* _What this task involves_: Take the listing below and output it exactly, with no images.

* _Provided material_:
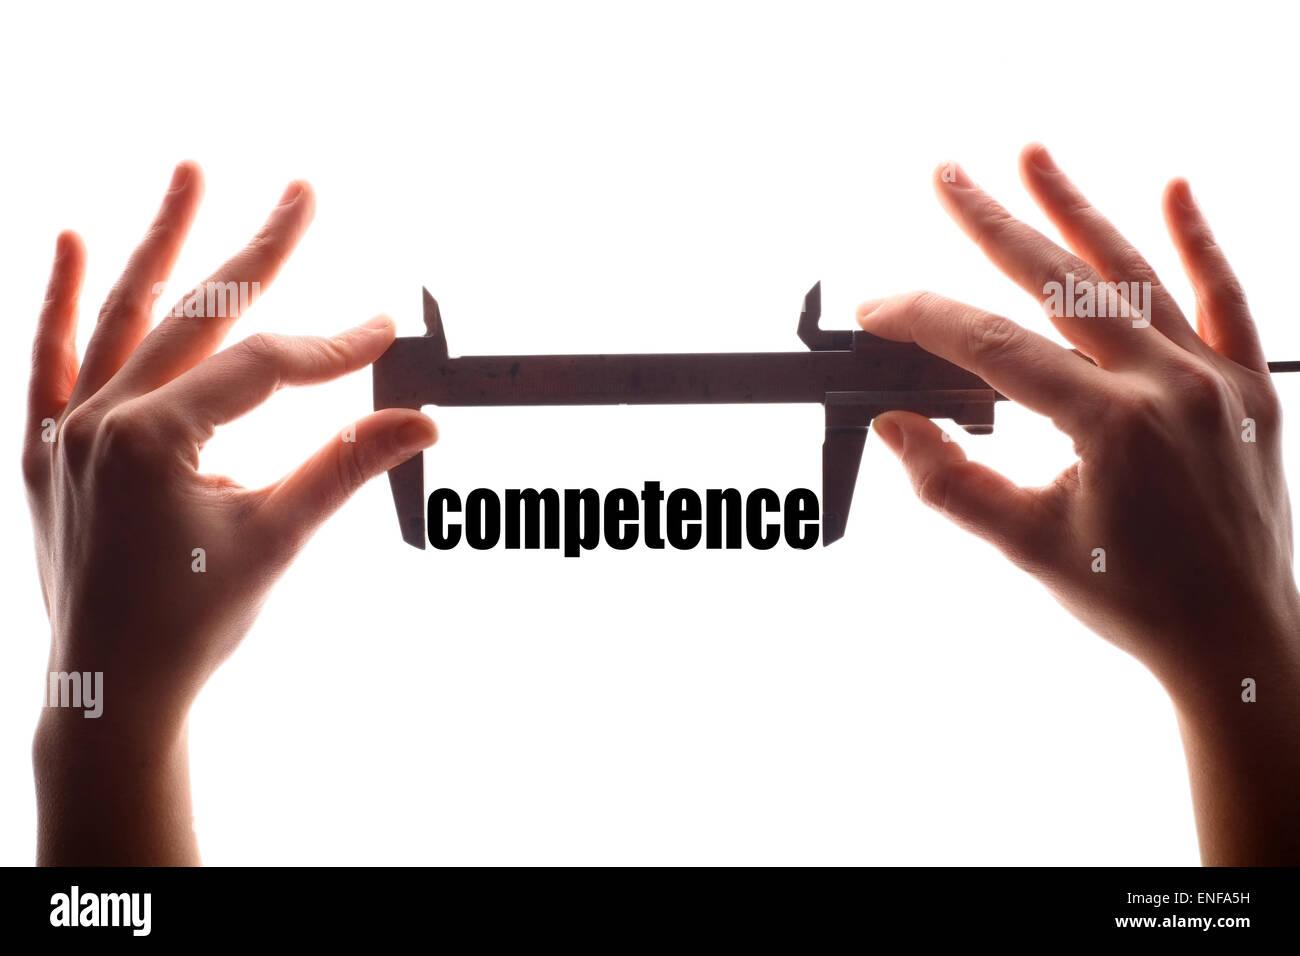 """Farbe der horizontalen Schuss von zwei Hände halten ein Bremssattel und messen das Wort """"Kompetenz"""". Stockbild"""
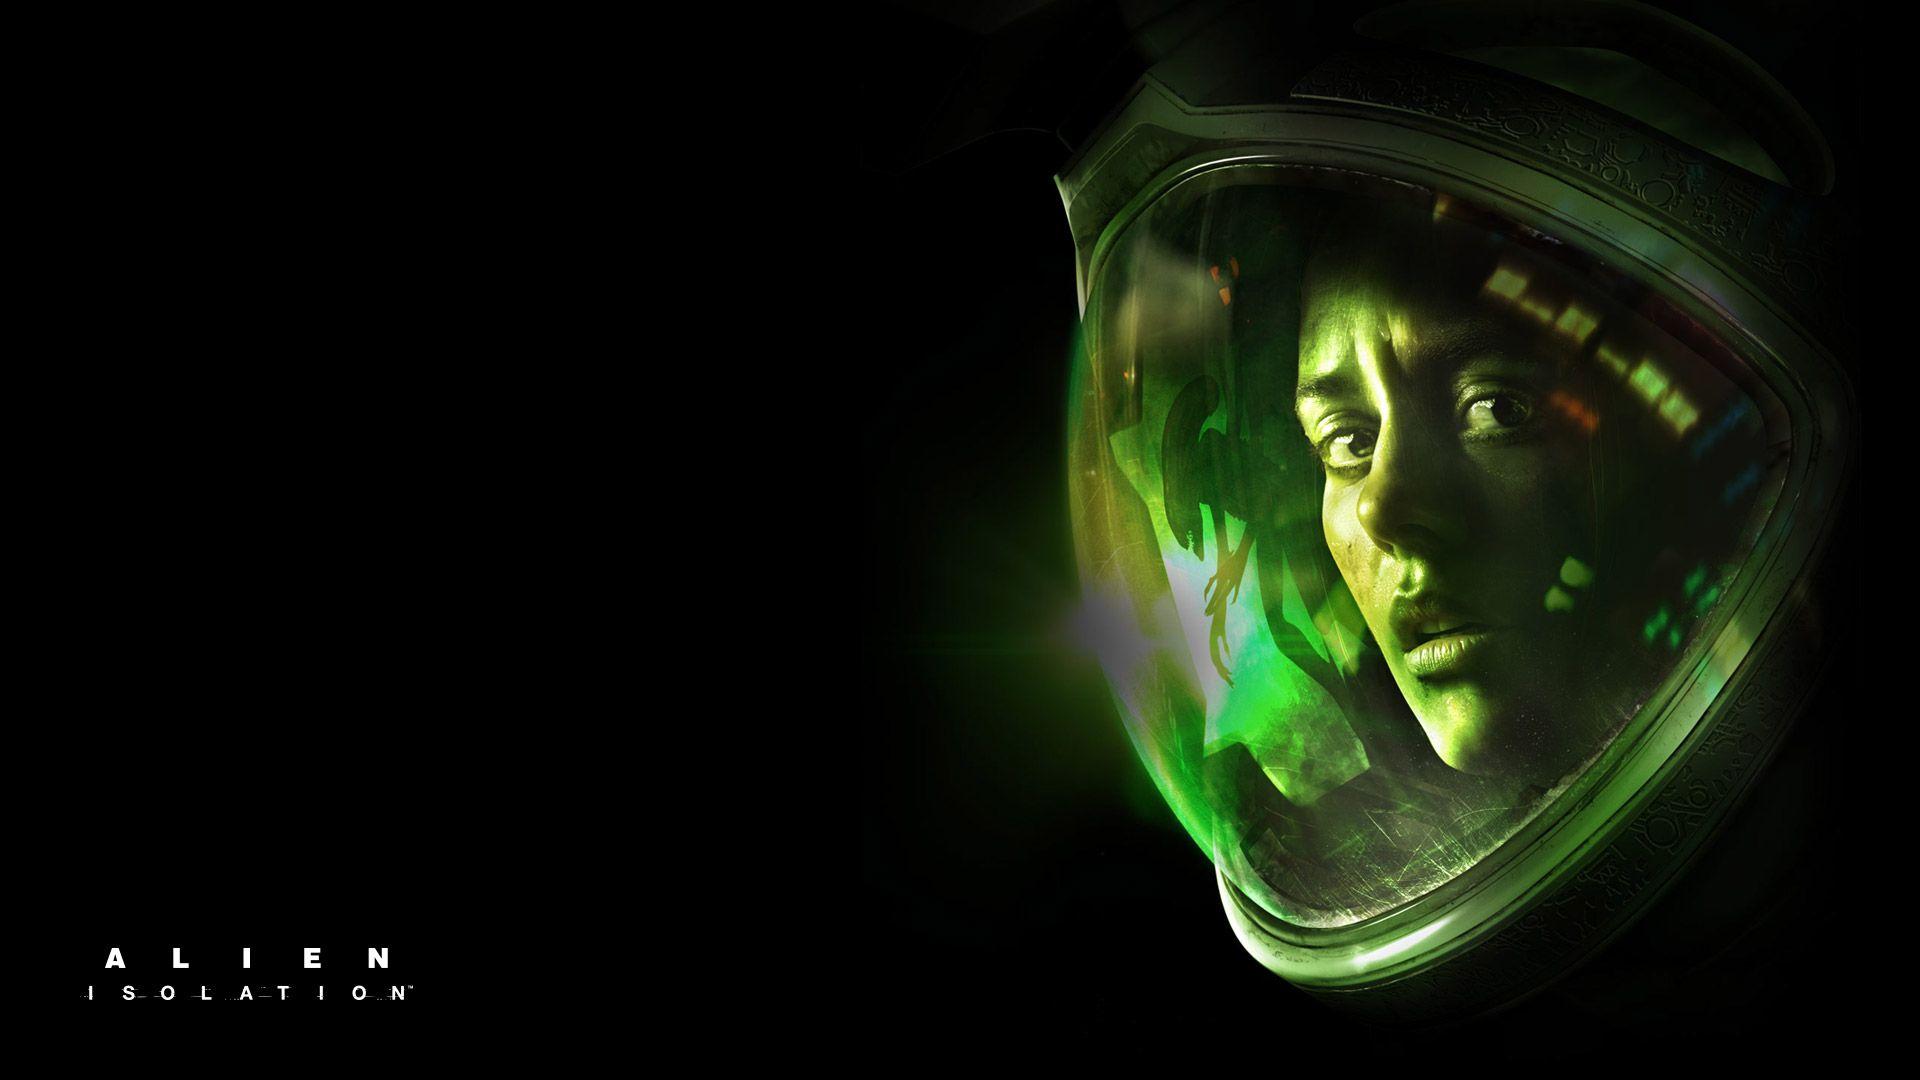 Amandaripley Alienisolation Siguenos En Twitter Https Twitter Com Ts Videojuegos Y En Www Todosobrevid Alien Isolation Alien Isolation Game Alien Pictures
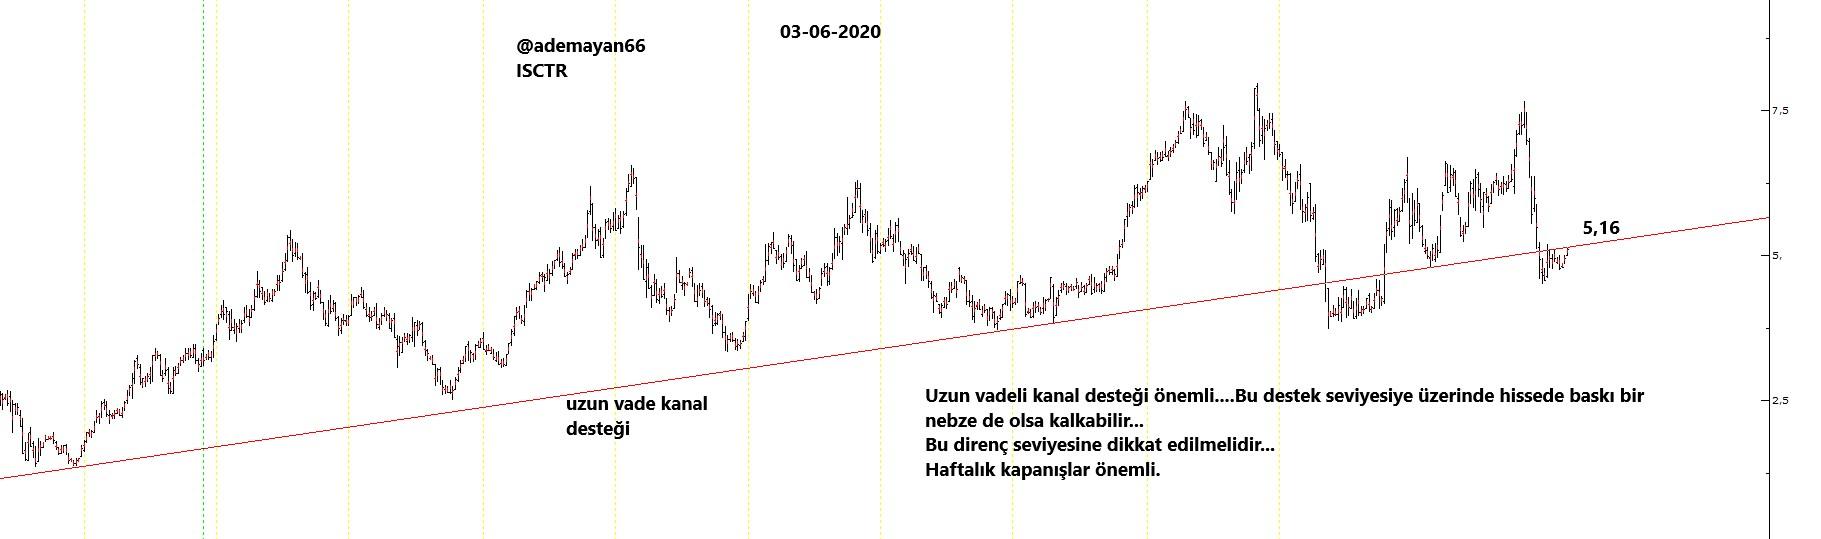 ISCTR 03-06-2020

* _Answer box_:
 """Farbe der horizontalen Schuss von zwei Hände halten ein Bremssattel und messen das Wort """"Kompetenz"""". Stockbild"""
 Amandaripley Alienisolation Siguenos En Twitter Https Twitter Com Ts Videojuegos Y En Www Todosobrevid Alien Isolation Alien Isolation Game Alien Pictures
 ISCTR 03-06-2020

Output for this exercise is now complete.